Another benefit of Loadax is that the underlying shape of your data is passed through all the way into your training loop. This means you can use type hints to ensure that your data is the correct shape.

```python
from loadax import DataLoader, RangeDataset, Batcher

# RangeDataset has a DatasetItem type of Int, this is a generic argument that can be supplied to any dataset
# type. We can look more into this when we get to datasets.
dataset = RangeDataset(0, 10)

# this function is inferred to return an int
def my_fn(x: list[int]) -> int:
    return sum(x)

batcher = Batcher(my_fn)
loader = DataLoader(batcher).batch_size(2).build(dataset)

for batch in loader:
    print(batch)

# Output:
# [1, 2]
# [3, 4]
# [5, 6]
# [7, 8]
# [9, 10]
```

Because you define the Batcher (or use a predefined one for common operations), the type of the batch can be inferred all the way from the dataset definition.

### Datasets

Loadax provides a simple interface for defining your dataset. As long as you can perform indexed access on your data, you can use Loadax to load your data. See the [Dataset Protocol](https://github.com/walln/loadax/blob/main/src/loadax/dataset/protocol.py) for more details.
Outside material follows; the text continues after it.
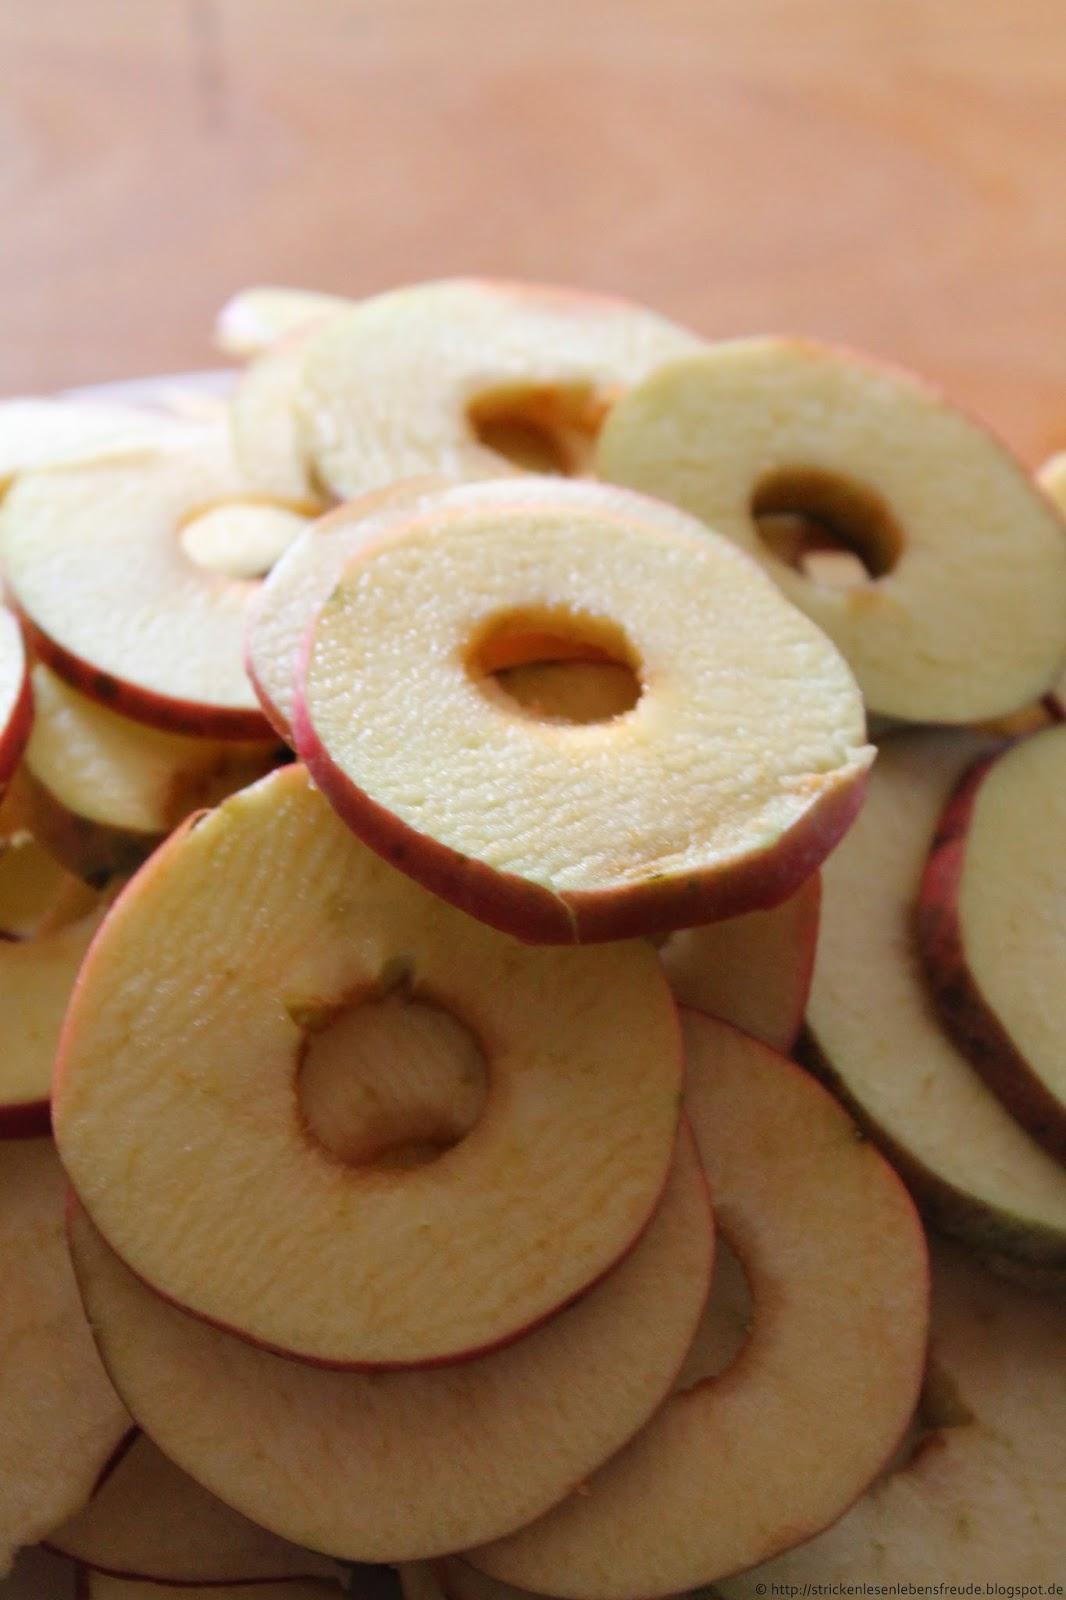 stricken lesen lebensfreude getrocknete apfelringe homemade apple chips. Black Bedroom Furniture Sets. Home Design Ideas
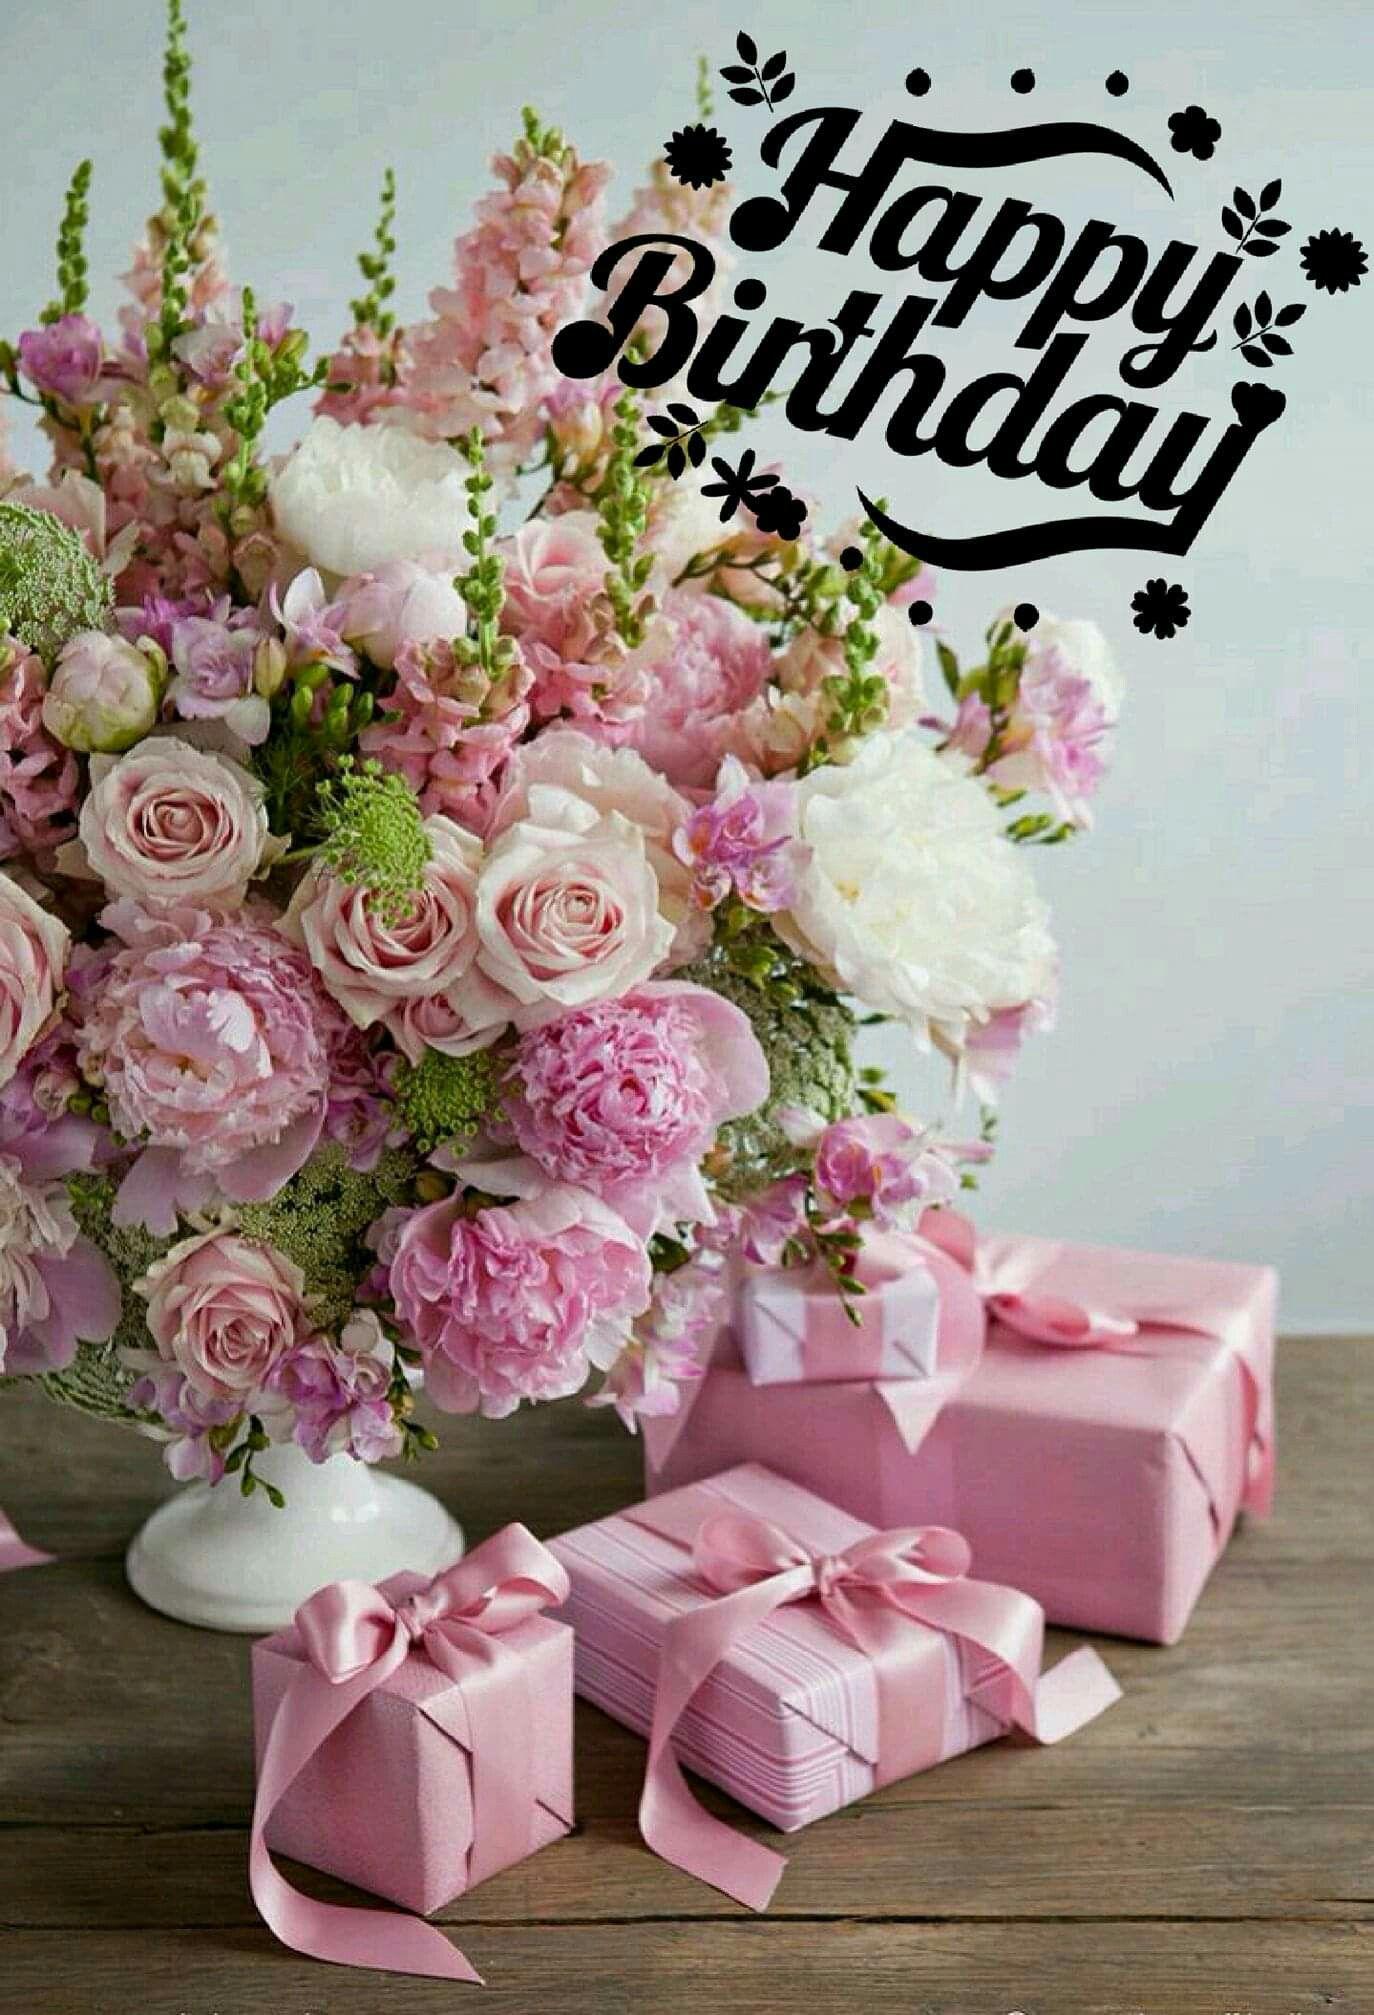 Pin By Jennifer Cabrera On Birthday Wishes Pink Flower Arrangements Birthday Flowers Arrangements Happy Birthday Flower

Additionally, Loadax provides a few common datasets that can be used out of the box. These include:

- InMemoryDataset
- RangeDataset

```python
dataset = InMemoryDataset([1, 2, 3, 4, 5, 6, 7, 8, 9, 10])
dataset = RangeDataset(0, 10)
```

Daasets can also be transformed using a variety of transformations. Transformations are lazily applied to the dataset, meaning that they are only applied when the data is actually accessed. Because your dataloader likely is prefetching and using background workers, this should not block your training loop. This also means that you can use jax to jit compile your transformation function.

```python
from loadax import MappedDataset, RangeDataset, ShuffledDataset

def slow_fn(x):
    time.sleep(0.1)
    return x * 2

base_dataset = ShuffledDataset(RangeDataset(0, 10))
dataset = MappedDataset(base_dataset, slow_fn)
```

When iterating through `dataset`, the the slow_fn will be applied lazily to the underlying dataset, which in itself is lazily shuffling the range dataset. This Composable pattern allows you to build complex dataloading pipelines.

#### Dataset Integrations

Loadax has a few common dataset source on the roadmap, including:

- PolarsDataset
- SQLiteDataset
- HuggingFaceDataset

Feel free to open an issue if you have a use case that you would like to see included.

### Batchers

Batchers are used to define how to collate your data into batches.